The West African country is seeking to raise crude reserves to 50 billion barrels, a state oil firm has said
The Nigerian National Petroleum Corporation (NNPC) is expanding crude exploration in the country's onshore frontier basins, local media reported on Tuesday citing the company's CEO, Mallam Mele Kyari.
According to Kyari, the expansion of exploration efforts aims to help Nigeria boost oil reserves to 50 billion barrels from the currently proven 37 billion, and to lift the country's crude production to 3 million barrels per day (bpd).
As part of the steps to reach these goals, the NNPC also launched a crude drilling rig on Tuesday in the Ebenyi-A Well, located in the Middle Benue Trough in Nasarawa State.
"Today, we have mobilized the drilling rig at this site, here in Obi Local Government Area of Nasarawa State. We are optimistic that the positive outcome of this campaign will contribute to the national aspiration of increasing our hydrocarbon reserves," Kyari stated.

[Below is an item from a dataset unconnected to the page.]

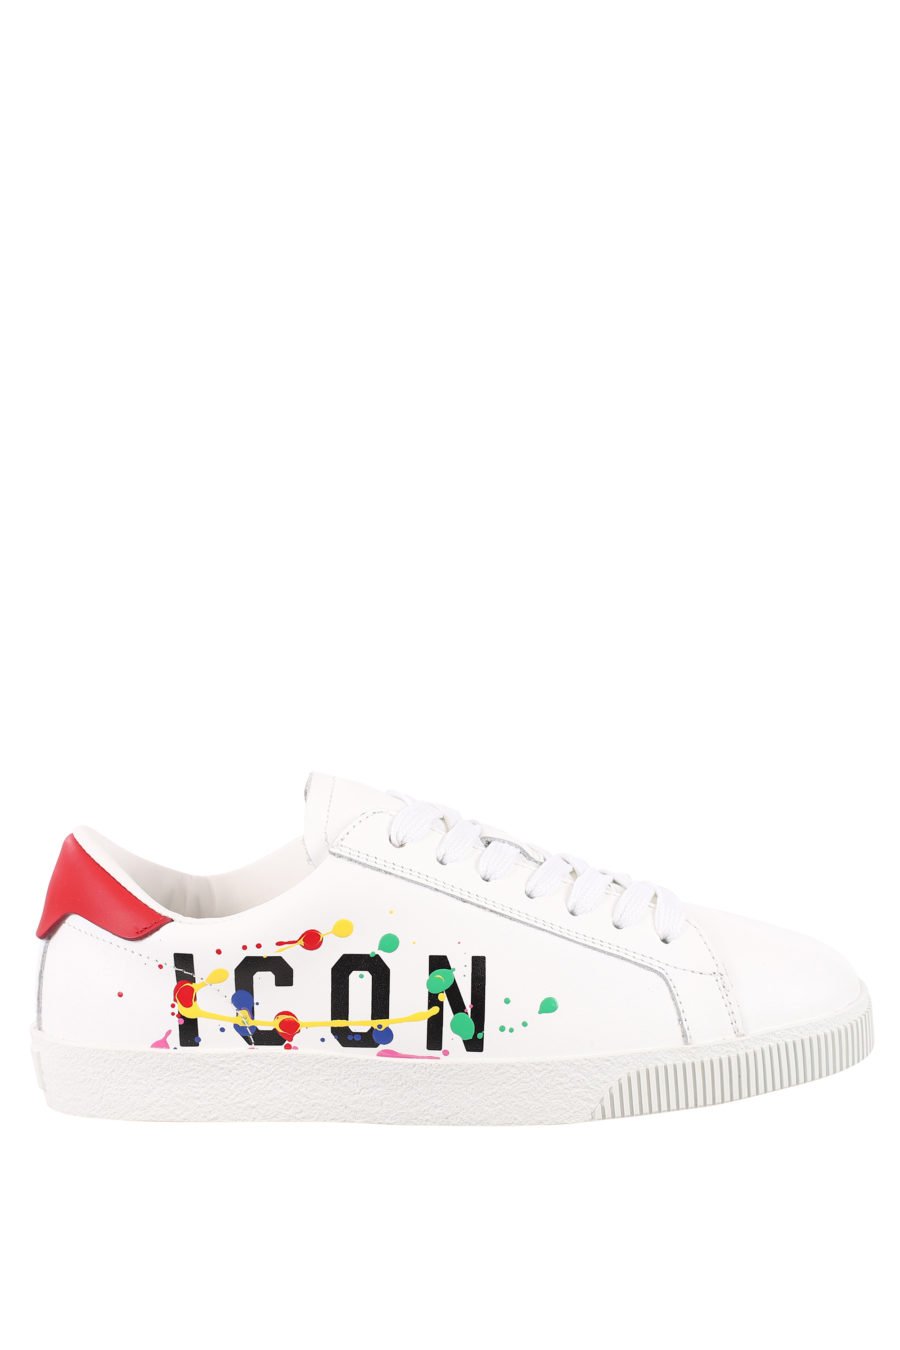 Zapatillas blancas con logo "icon splash" - IMG 0706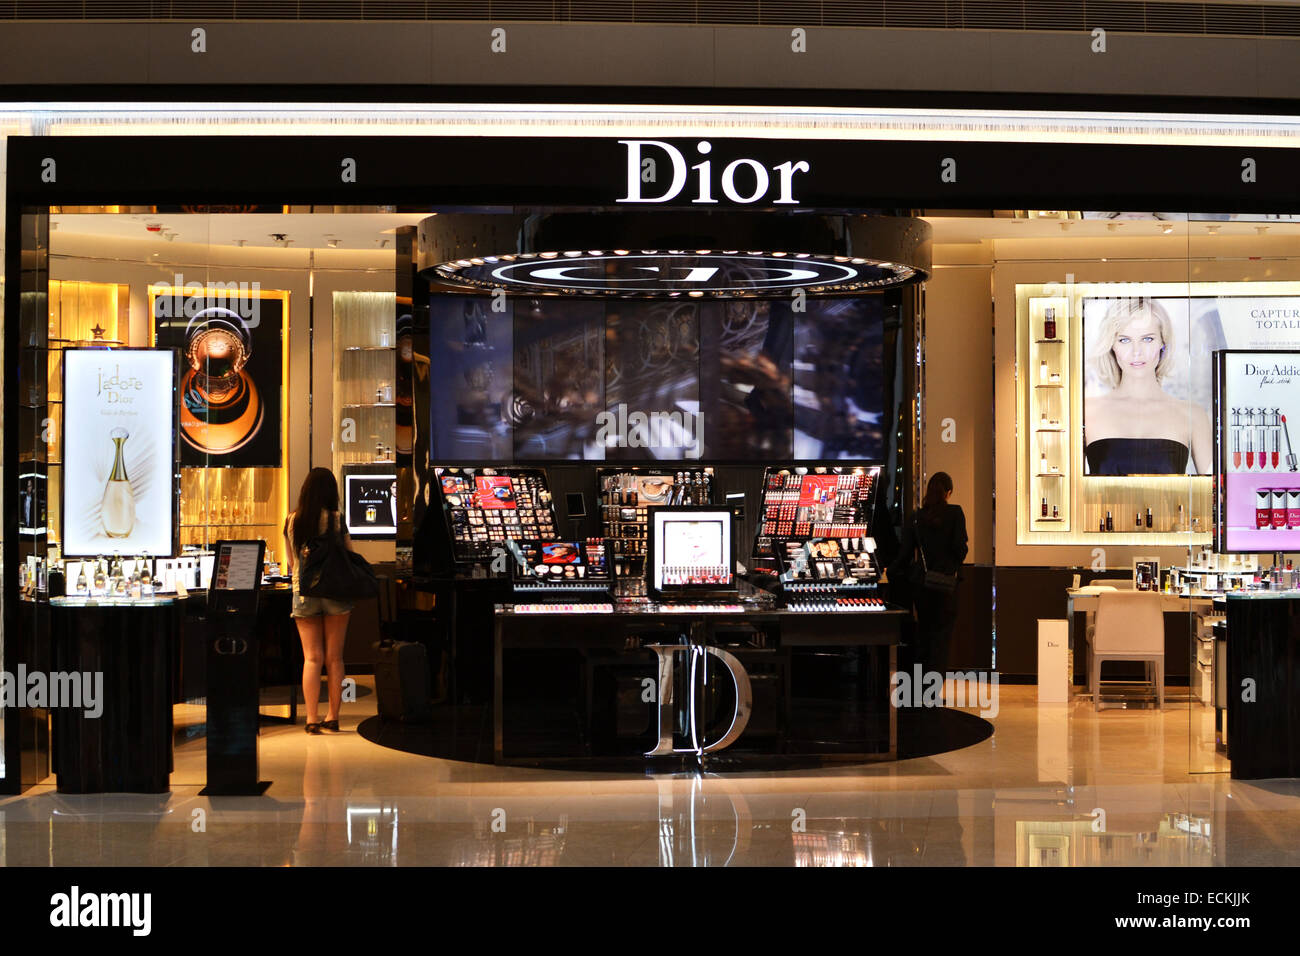 dior makeup shop

"I wish to reiterate that [we] are committed to conducting exploration activities of the nation's frontier basins that span the Chad Basin, Upper and Lower Benue troughs, Bida Basin, the Sokoto Basin, Dahomey, Anambra platform, Calabar embarkment and the ultra-deepwater Niger Delta, using the best industry standards and technologies," the CEO added.
President Muhammadu Buhari, who inaugurated the first oil drilling at Ebenyi-A in a virtual ceremony, said the launch of the new rig is in line with plans to increase Nigeria's "considerable hydro-carbon assets." He argued that exploration efforts would inevitably lead to greater prosperity for Nigerians and enhance their overall energy security.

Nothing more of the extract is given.